For Scallon — who began a two-year term as president of the Wisconsin Medical Alumni Association (WMAA) Board of Directors on July 1, 2024 — staying active through various types of sports has been a driving force throughout her life. Even a bicycling mishap at age 18 had a “silver lining” that helped shape her future.
Recalling the accident, which occurred shortly after she graduated from high school in Madison, Wisconsin, she said, “I got pretty banged up, and my broken jaw had to be wired shut. It was difficult and painful, but it also was inspirational. The compassionate and skilled medical care I received when I was injured and scared has always stayed with me.”
That fall, she started college and later received a bachelor’s degree in zoology from the University of Wisconsin–Madison. Next, she earned a medical degree from the UW School of Medicine and Public Health (SMPH) and completed a psychiatry residency at University of Colorado–Denver and a child and adolescent psychiatry residency at UW Health.
“I knew I wanted to have a mission-driven career in a helping profession,” Scallon said. “My observations as a patient in the hospital sparked my interest in medicine.”
Scallon first worked in private practice and later became a clinical associate professor in the SMPH Department of Psychiatry’s Division of Child and Adolescent Psychiatry. There, she provided psychiatric care to children, adolescents, adults and families; taught and supervised medical students; led the SMPH consultation service to Madison public schools; facilitated the medical student elective, Healer’s Art, in which students explored issues like grief, death and dying; and served as the training director of the Child and Adolescent Psychiatry Residency Program.
Meanwhile, Scallon and her husband, Mark Redsten, raised their two children: Oliver, now an attorney in Chicago, and Genevieve, now a reporter in Milwaukee. For 20 years, their home’s front window overlooked the frequently visited playground at the kids’ grade school, Shorewood Hills Elementary.
Today, Scallon and Redsten — a fellow Badger and the longtime president and CEO of Clean Wisconsin, a statewide non-profit organization that focuses on clean water and air — live on Lake Mendota near UW–Madison. They enjoy kayaking, water skiing, spending time with friends on their pontoon boat, and walking past the beloved playground in Shorewood Hills.
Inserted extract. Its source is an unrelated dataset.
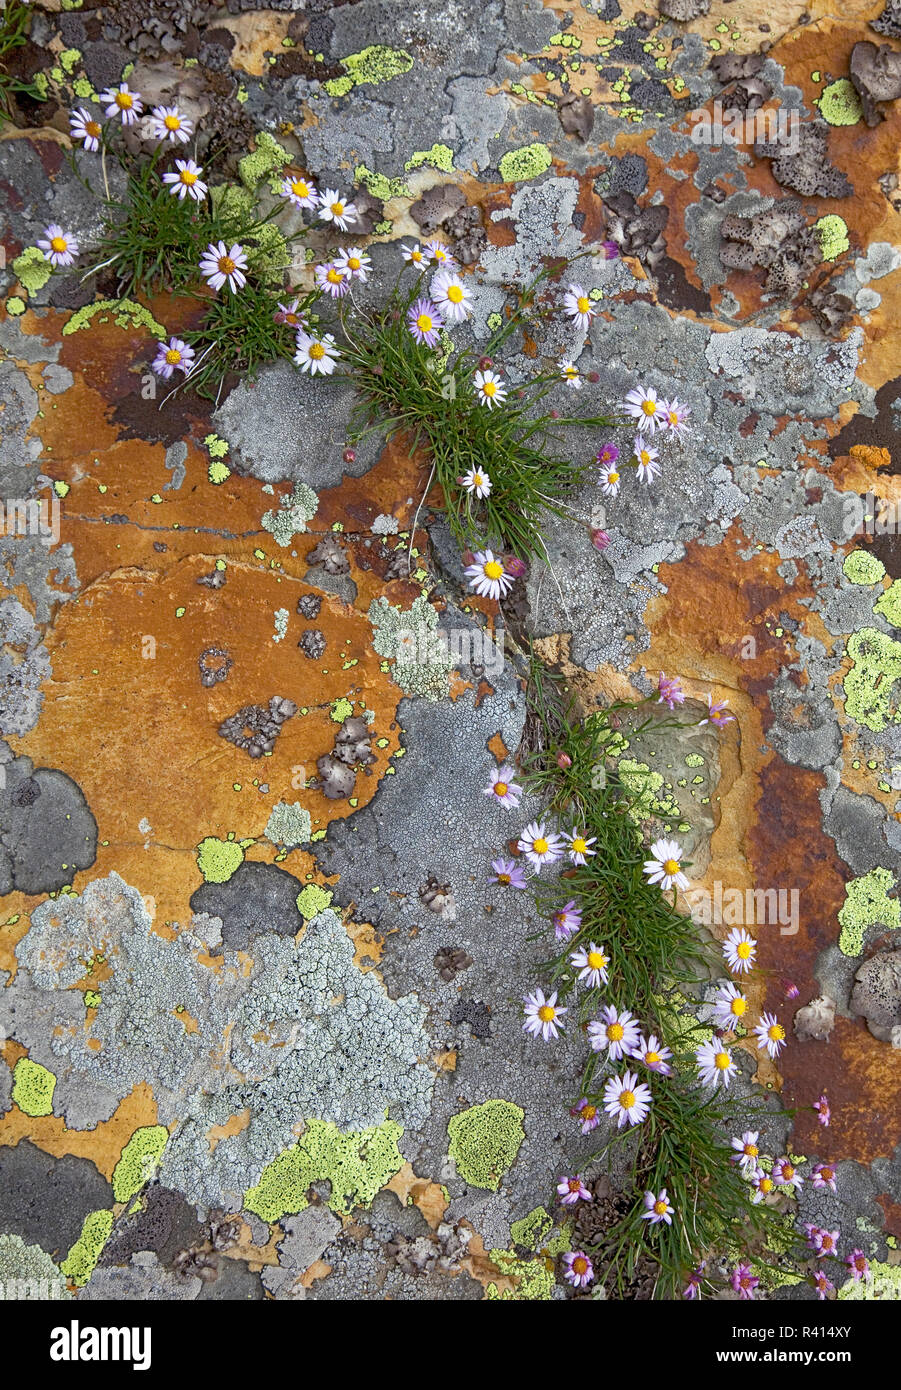 USA, Utah, Uinta-Wasatch-Cache National Forest, Twin Peaks Wilderness, le lichen sur la pierre Banque D'Images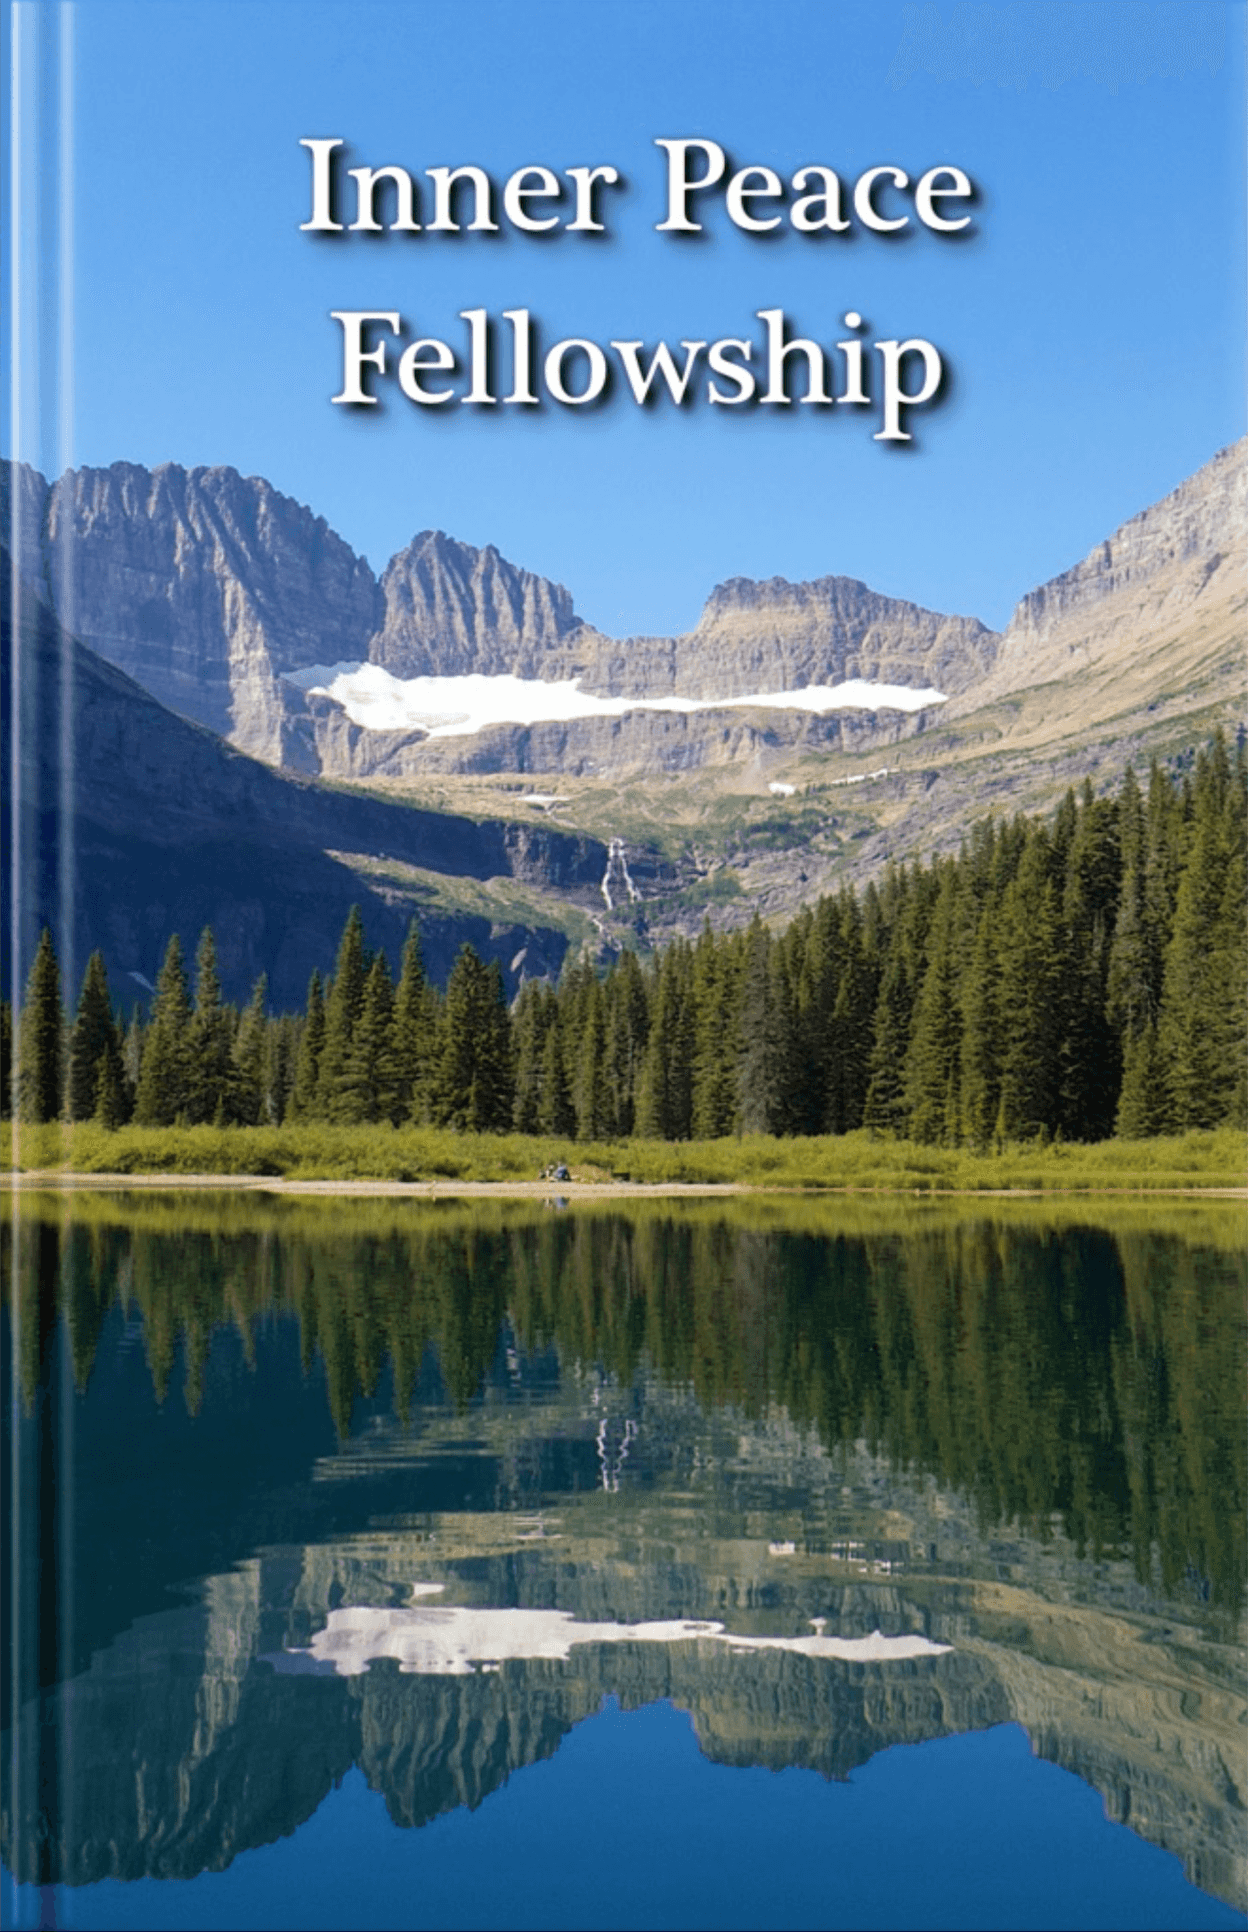 Inner Peace Fellowship eBook cover

In 2016, while continuing her role as an SMPH clinical associate professor but leaving her practice in Madison, Scallon moved her career 63 miles east to Rogers Behavioral Health, which offers outpatient, inpatient, and residential care for patients of all ages. Initially serving as the medical director of an adolescent-residential-care unit, she was promoted in April 2024 to the role of senior medical director of Rogers’ Oconomowoc Campus. While overseeing 16 programs, she continues to serve as an attending psychiatrist on a 24-bed unit for adolescents with mood disorders. Generally, her patients have had multiple inpatient stays elsewhere before coming to Rogers for approximately eight weeks.
“Rogers’ Oconomowoc setting is on a beautiful, wooded campus situated on a lake. We offer outdoor lake activities, games and walking paths. It is a lovely, restorative place,” Scallon said, adding that the indoor facilities are equally inviting.
“Residential care is a great model. The kids are fully immersed in skills-based therapies, including cognitive and dialectical behavioral therapy, and behavioral activation aimed at developing coping skills to deal with depression and other mood disorders,” she explained.
In describing behavioral activation, Scallon said, “It is like our grandmothers used to tell us: if we are feeling down, we should get active or do something meaningful, such as helping someone. Rather than waiting to get ‘un-depressed’ to change our behavior, we change our behavior, and our mood will follow.”
This process involves routine tasks like maintaining hygiene and keeping a schedule; valued activities such as getting exercise or doing homework; and enjoyable activities such as listening to music or creating artwork.
“Small actions can result in micro mood improvements. If you take a shower or brush your teeth, you feel better than if you don’t. Through a series of micro mood improvements, eventually you say, ‘Today was a pretty good day.’ Your mood is often the last thing to get better, but you can start to feel good about your productivity,” Scallon explained. “We incorporate these activities into plans as the teens transition home.”
Residents’ structured days at Rogers often start with mindfulness practices, schoolwork, and recreation therapy. They may work in an on-site greenhouse, experience the ropes course, and engage in activities in the community, such as playing mini golf, going bowling, exploring museums, or visiting parks or an apple orchard.